(The data Opens)

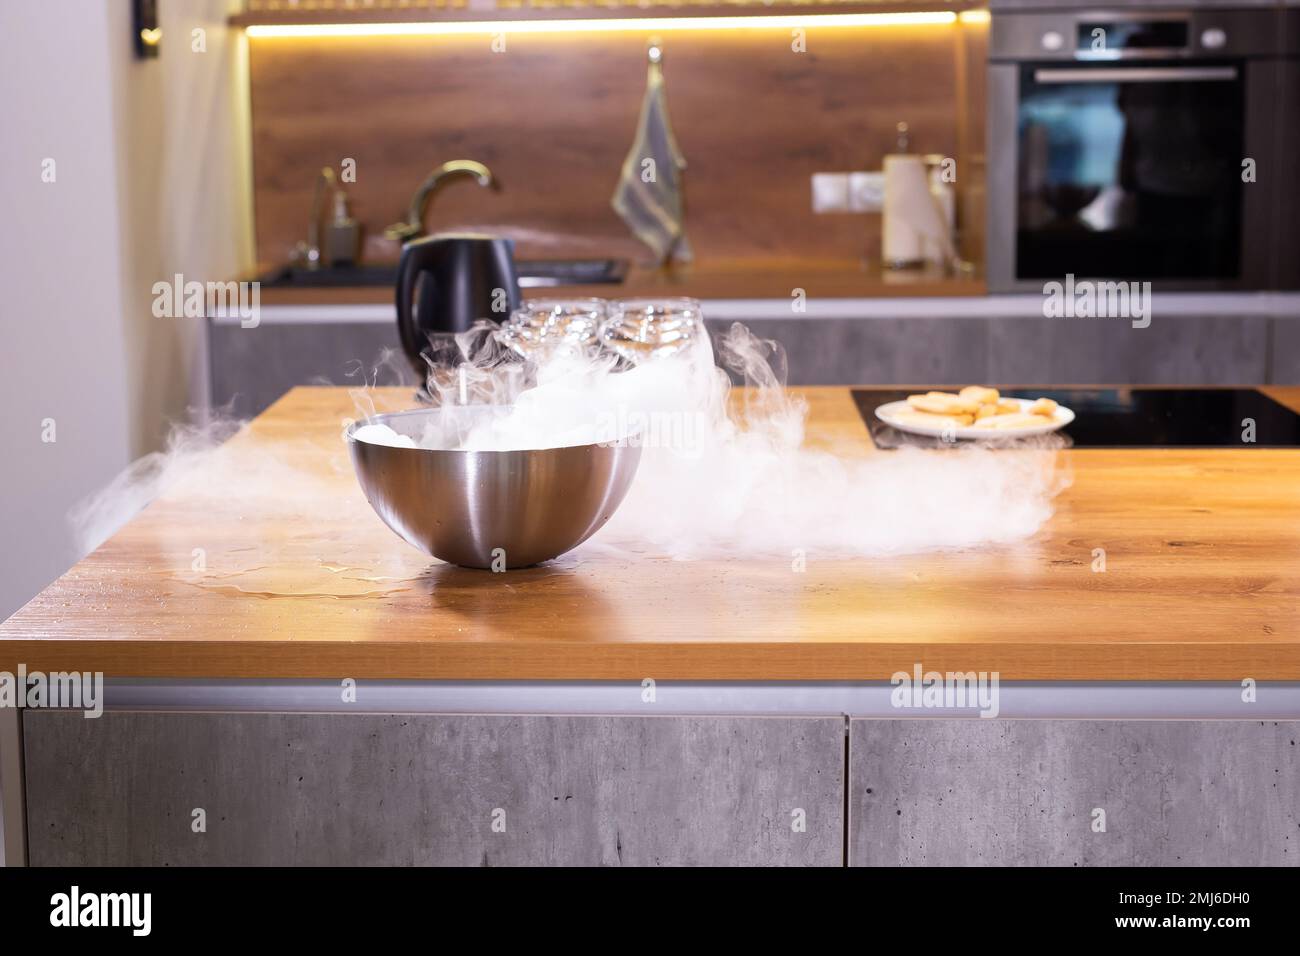 Hielo seco de vapor de humo en un recipiente en la cocina
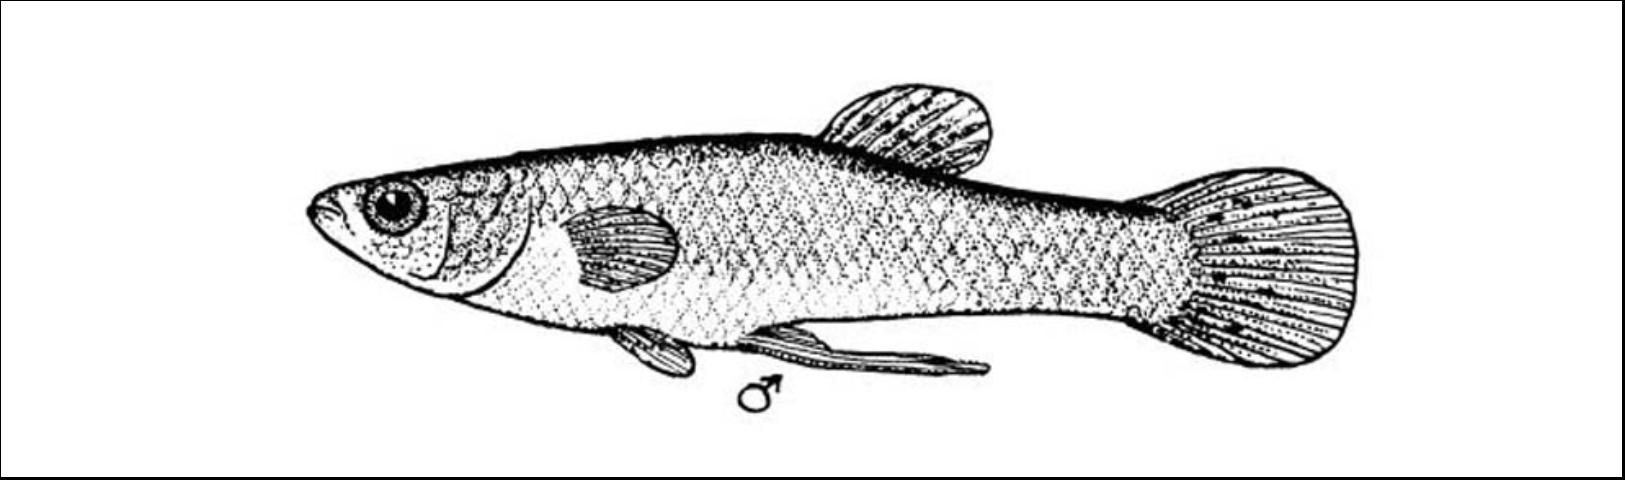 Figure 7. Eastern Mosquitofish (Gambusia holbrooki) male to 3/4 inch.
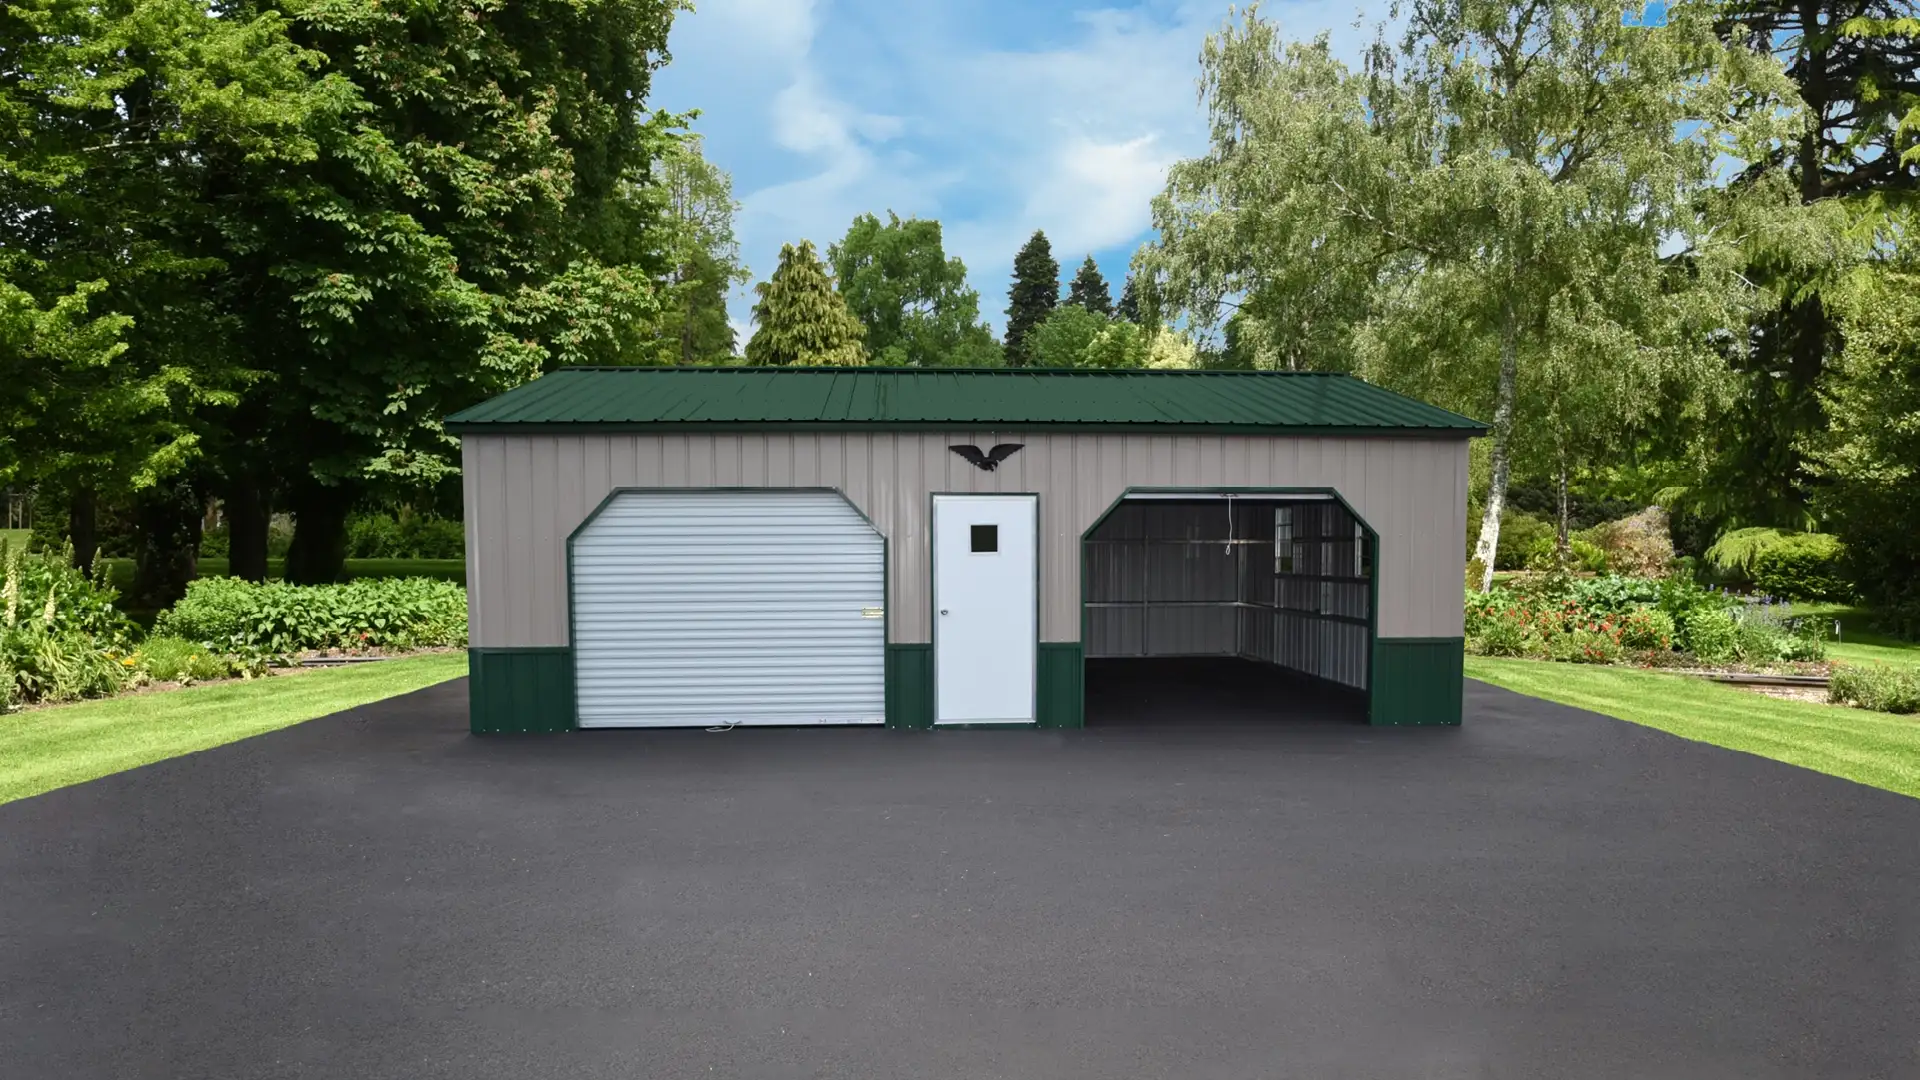 A green metal garage with two garage doors. One of the doors is open.

(The data Closes)

What is expected: Make an exact copy of all the material, but keep the pictures out of it.

Response to the task:
 Hielo seco de vapor de humo en un recipiente en la cocina
 Figure 7. Eastern Mosquitofish (Gambusia holbrooki) male to 3/4 inch.
 A green metal garage with two garage doors. One of the doors is open.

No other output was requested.